# [WHAT IS BEING ASKED]
Take from the entries below the stretch from the line with "Measuring device for" through the line with "Red, White, and", and return it exactly, leaving the pictures out.

Top of MATERIAL FOR THIS TASK

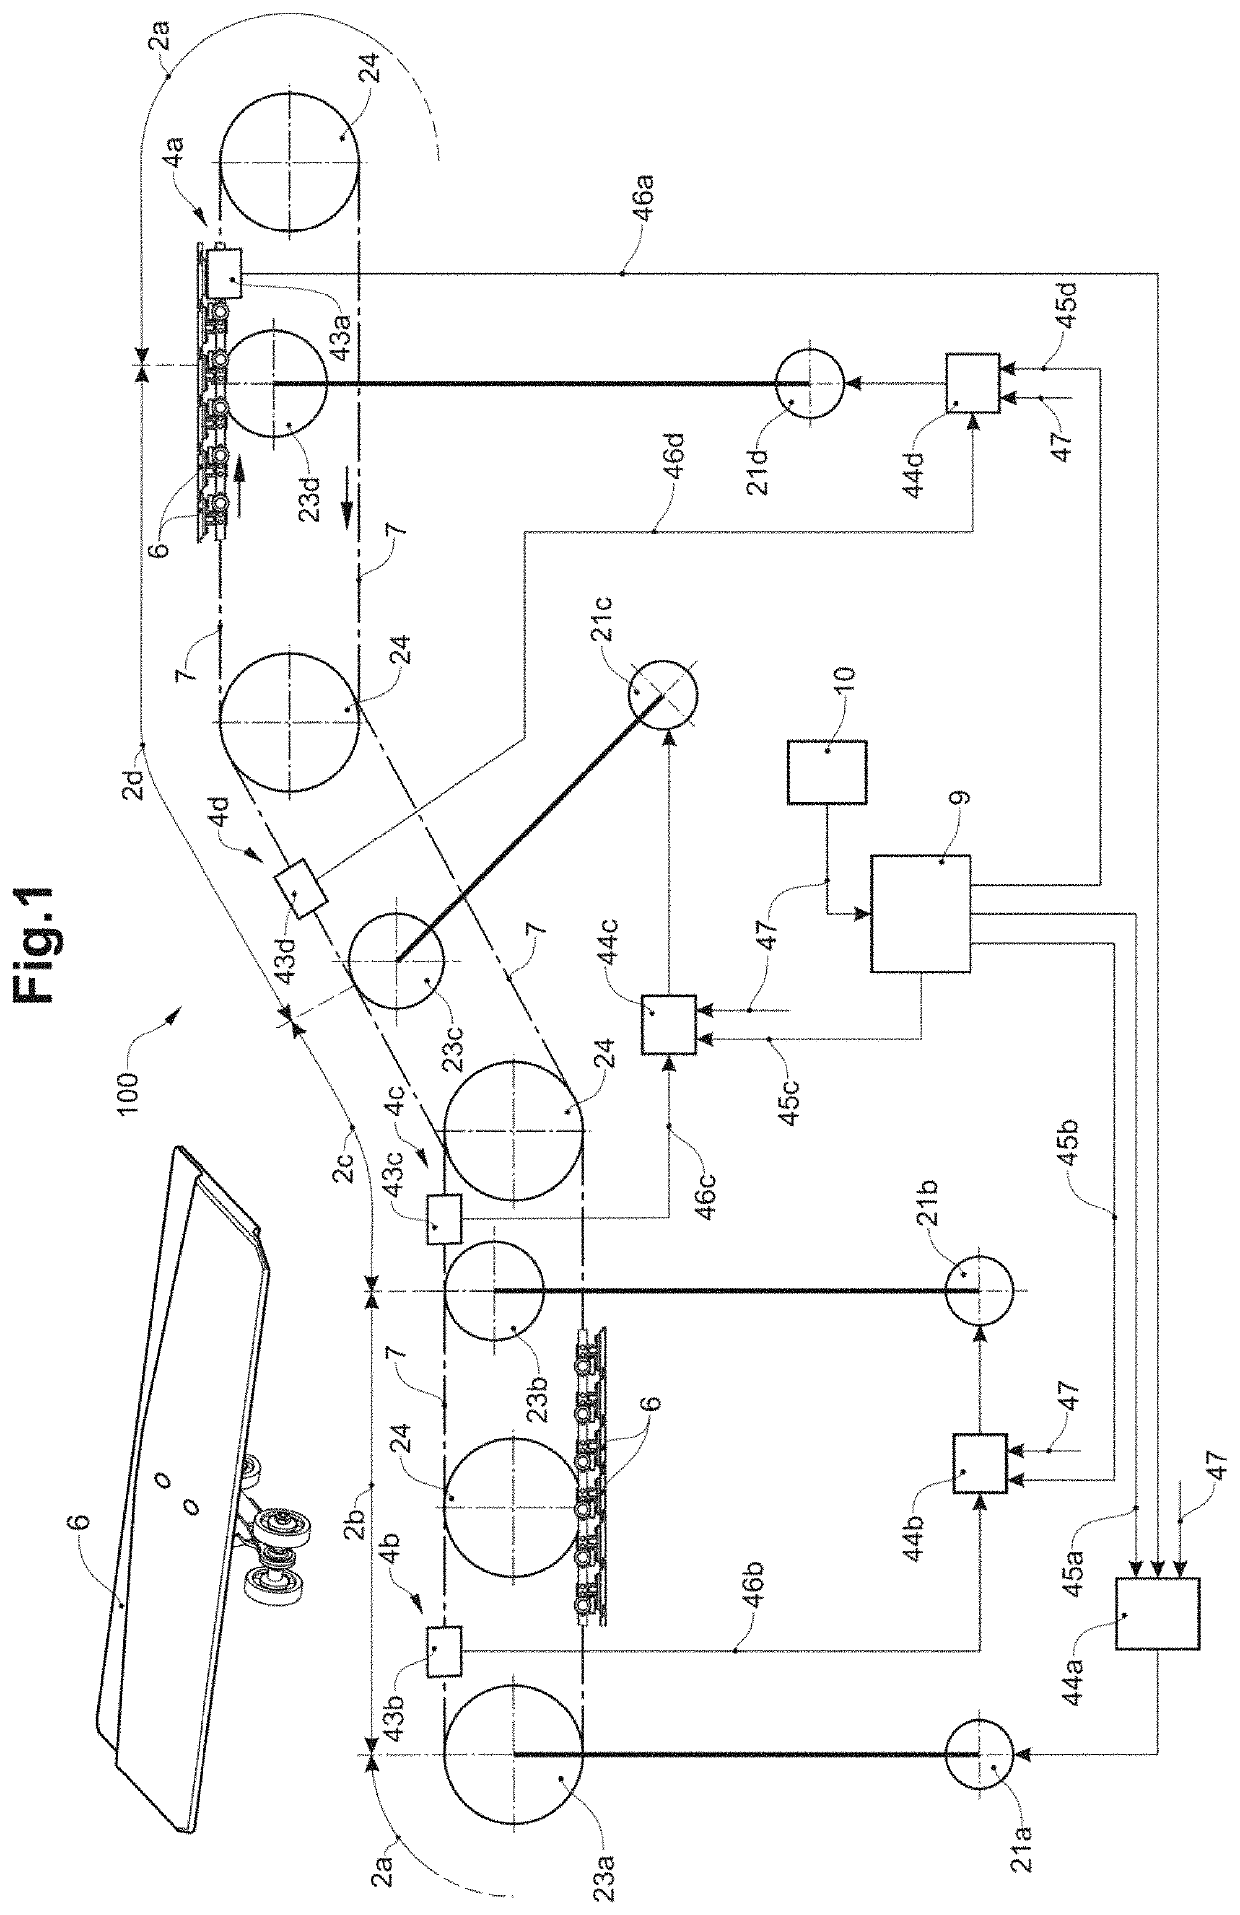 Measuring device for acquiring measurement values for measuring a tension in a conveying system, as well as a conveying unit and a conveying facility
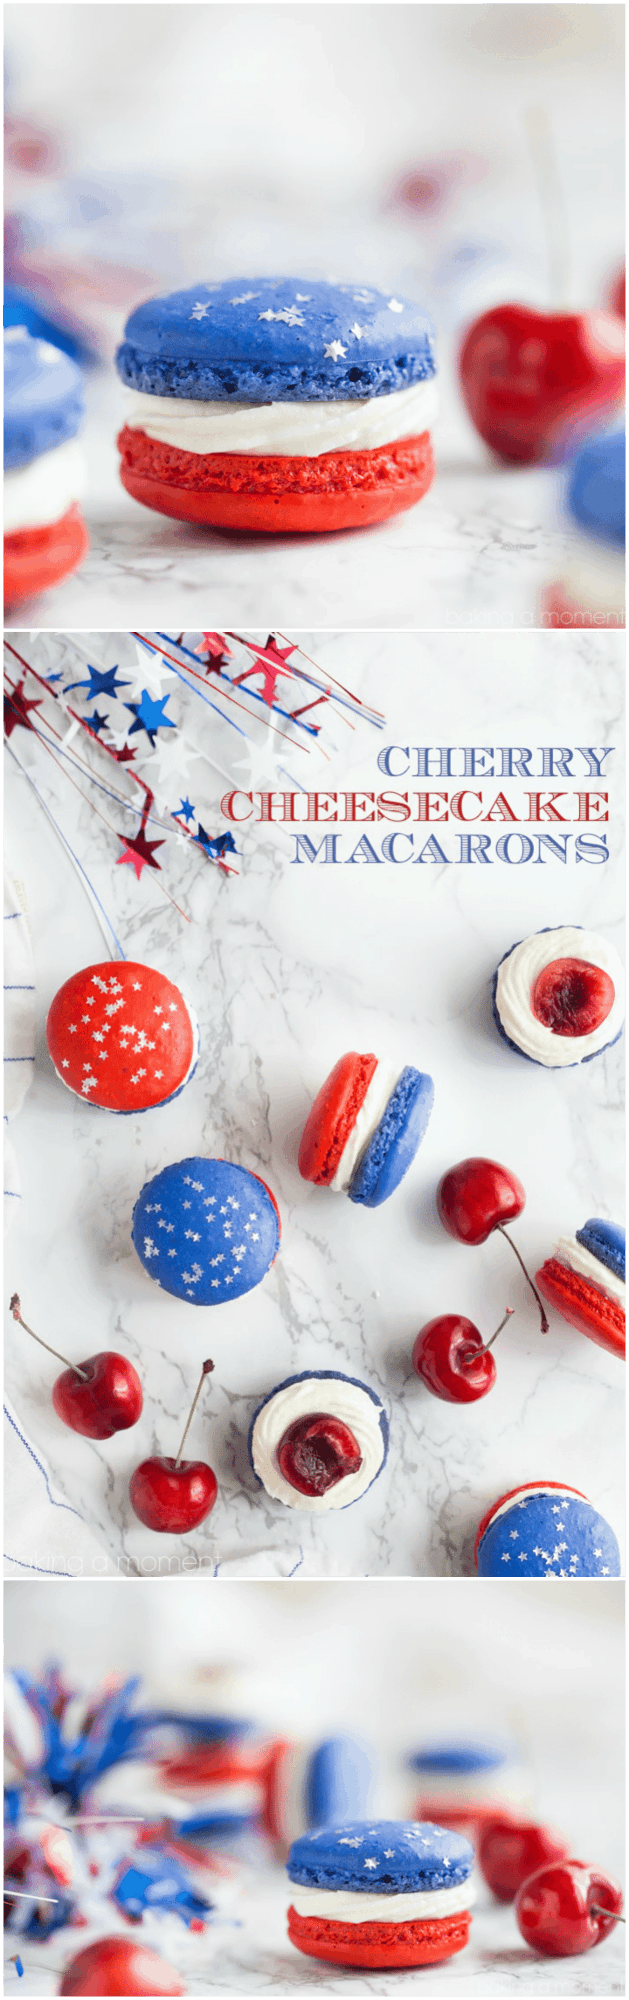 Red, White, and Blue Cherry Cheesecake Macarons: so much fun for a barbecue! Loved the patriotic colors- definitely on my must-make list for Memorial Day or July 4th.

Bottom of MATERIAL FOR THIS TASK
Top of MATERIAL FOR THIS TASK

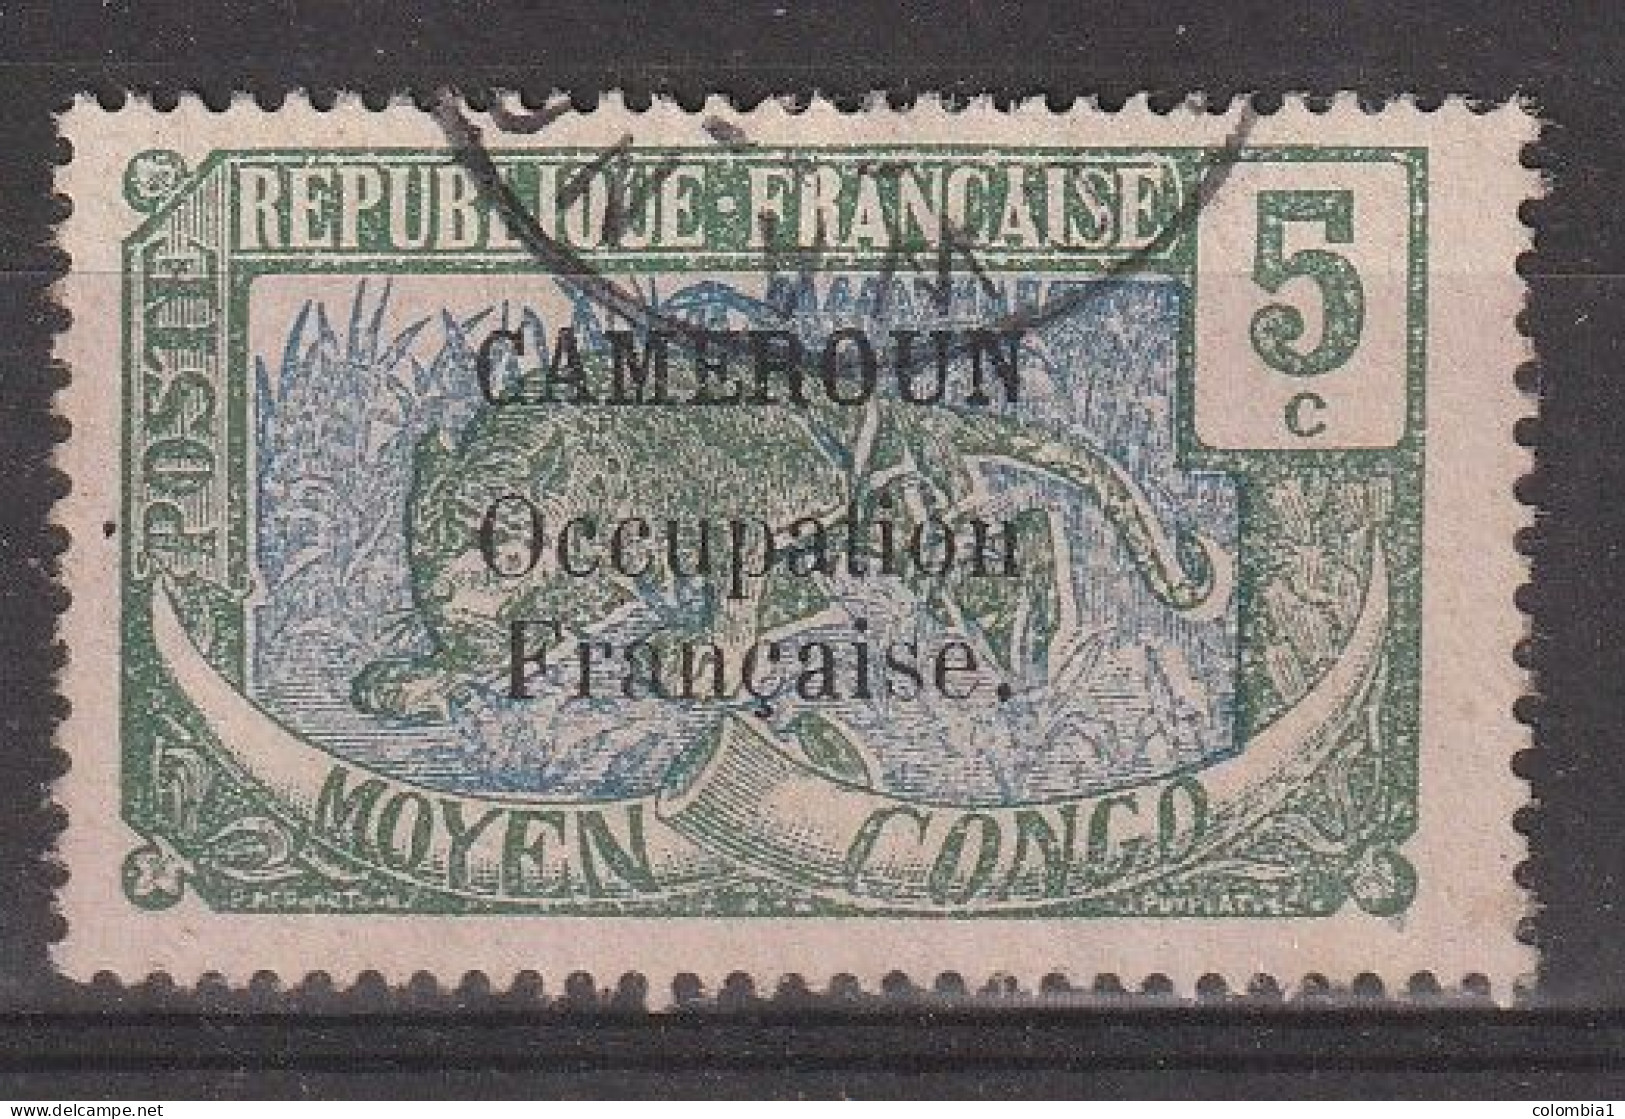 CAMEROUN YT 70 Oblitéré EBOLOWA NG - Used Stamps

Bottom of MATERIAL FOR THIS TASK

# [RESULT OF THIS TASK]
 Measuring device for acquiring measurement values for measuring a tension in a conveying system, as well as a conveying unit and a conveying facility
 Red, White, and Blue Cherry Cheesecake Macarons: so much fun for a barbecue! Loved the patriotic colors- definitely on my must-make list for Memorial Day or July 4th.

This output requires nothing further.